The goal of every manufacturing company is the production of products from commodities. So the first question arises: What commodities do we need to produce the end product? Let’s start with a basic tree diagram. During production, we have commodities that we buy or produce. Let’s call them ingredients, for better understanding. If we throw several ingredients together and pre-produce them to fit the production process, we’ll refer to it as a recipe. This way, we’ll answer more questions throughout the article, such as:
How do we fulfill the ingredients?
Are they in stock?
Do we produce them on-site or have them delivered?
At what stage in the process will we use the ingredients?
Do we need to move them from the warehouse to the production line?
How will following the processes impact the duration of the whole production?
Later we’ll explore alternative views and extensions of our model. They will meet more specific needs and allow a detailed analysis.
We also know that a day in a factory holds various surprises. So, our graphs and answers to the above-mentioned questions change dynamically.
A customer orders a product, which might be a book.
For the production of said book, we use printed pages and a book cover.
The printed pages come from combining ink and pre-cut pages.
The pre-cut pages are produced from paper.
The above-mentioned ingredients formulate a recipe. It shows which commodities we need to start production. Let’s visualize it as a tree. The root is the ordered book and the stem with its branches portrays, as referred to in graph terminology, nodes and their children displaying the production process of said book. The leaves represent the commodities crucial for the production process.
The recipe can be dynamically adjusted. For instance, we may start printing the pages, before the book cover has arrived. Even if it doesn’t arrive, we have created a future buffer for a different order. This means, the factory workers decide what to do next. If we lack some commodities, we can simply abandon a subtree and replace it with a leaf or another subtree derived from another recipe.
At this stage, our model represents dependencies, but omits specifics. Strategies to satisfy the need for commodities may vary among companies and certain cases. Let’s take a closer look at the possible strategies:
Commodity buffer – In some cases, companies keep a buffer of commodities in stock to start the production of a product right away, in our case a book.
External supplier – Once a company uses various commodities, it buys most ingredients from external sources to avoid a buffer.
The Hybrid – Some companies choose to do both, produce a given ingredient or order it externally, based on the current workload.
A company could mix strategies depending on the business sector and specific variables such as commodities, time, and availability. Whatever method they choose, our diagram needs to represent the results in the right sequence within our structure.
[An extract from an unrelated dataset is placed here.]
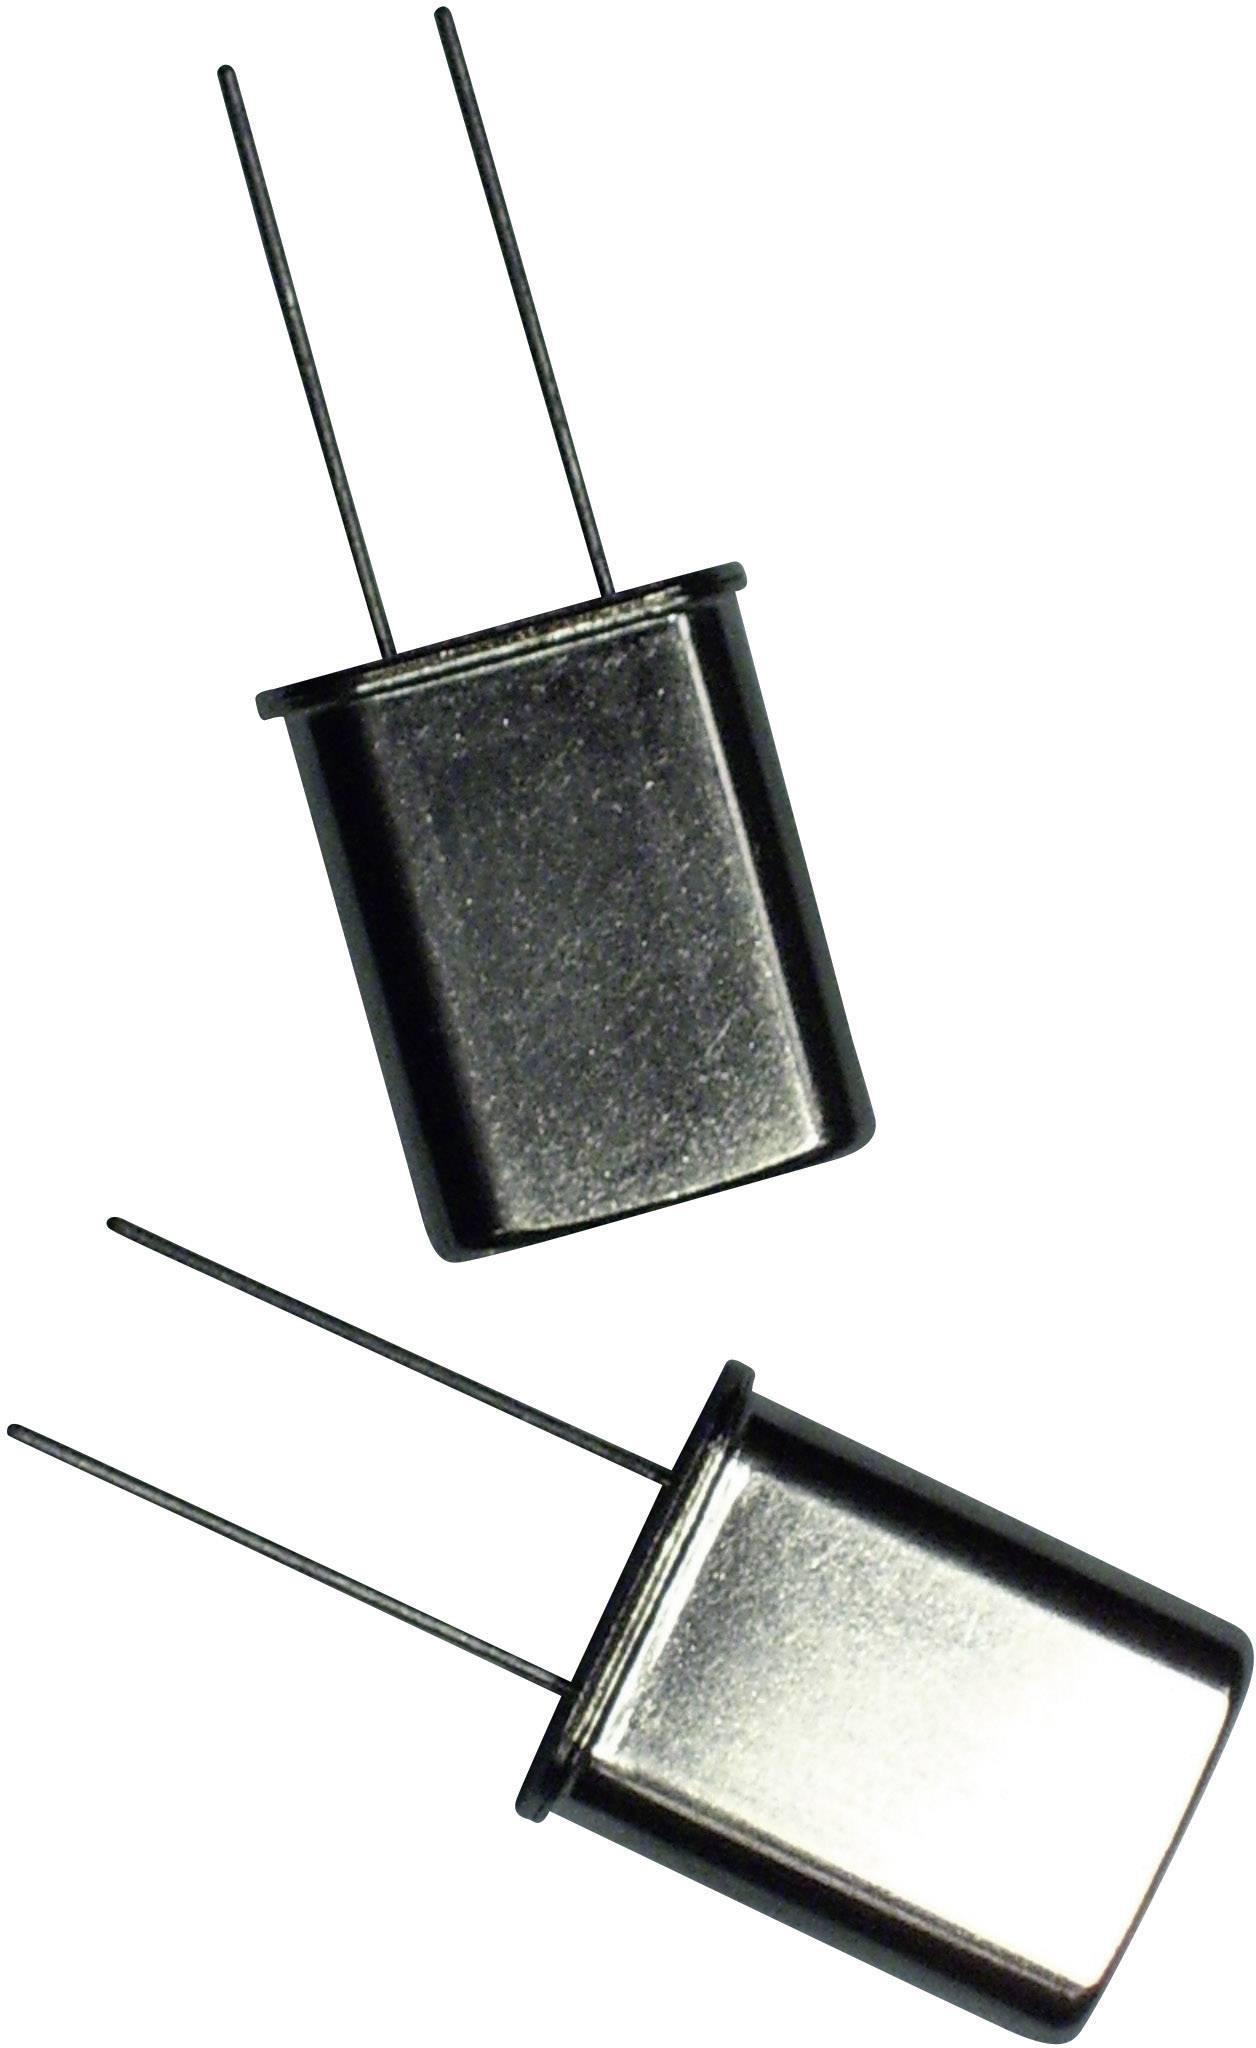 Krystal EuroQuartz, 11,0592 MHz, HC49, 30/50/40/18PF/ATF

For all preassembled items in the graph, we’ll assume that the company produces them locally. It doesn’t have to be true, since we can outsource some production and our model will also support it. So, a company keeps commodities either in stock or needs to order them from a supplier.
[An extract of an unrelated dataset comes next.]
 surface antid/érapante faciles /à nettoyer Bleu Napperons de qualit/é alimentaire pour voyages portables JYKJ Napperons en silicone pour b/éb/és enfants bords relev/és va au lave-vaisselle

Let’s model our exemplary assumptions like this:
Book Cover is available in-house
Ink is available in-house
Paper can be ordered from a supplier
The fulfillment for various parts in the graph can rapidly change. In case of cancellation of an urgent order, we could reuse the already produced items to satisfy other orders. This means we use them as an available and suitable substitute.
As for now, we can simply change the label on a given node and perhaps relink its children to another production, or increase the future buffer of a commodity.
Let’s imagine a situation, where we have a single node for a single item. Either it’s created or detached from some larger graph. This could mean one of two things:
The node is a product of a no-input process that satisfies the needs of other processes
The node corresponds to a customer order and waits for proper expansion into a production tree
In other words, a node can be either a fulfillment that comes from a production process or a demand from a customer order. This means, we’ll split our nodes into:
demands, items required by the process, and
fulfilments, items provided by the process.
This approach satisfies single or large demands with multiple small fulfilments, or caters to multiple demands with single or large fulfilments. We’ll go deeper into this matter in the section “Other Models”, but for now, let’s leave it at that.
This definition of nodes also allows us to attach a single node to a single process. It gives us multiple advantages:
We can easily explore various perspectives of diverse company departments
We can assign any fulfillment to any process
We can order the demand by use and shape a pull system around our model
The distinction between demand and fulfillment lets us easily handle scenarios, such as cancellation or modification of the graph. Let’s say, a node becomes detached. It still contains precise information about operations that were planned before. This means we need to decide what to do with the connected fulfillment.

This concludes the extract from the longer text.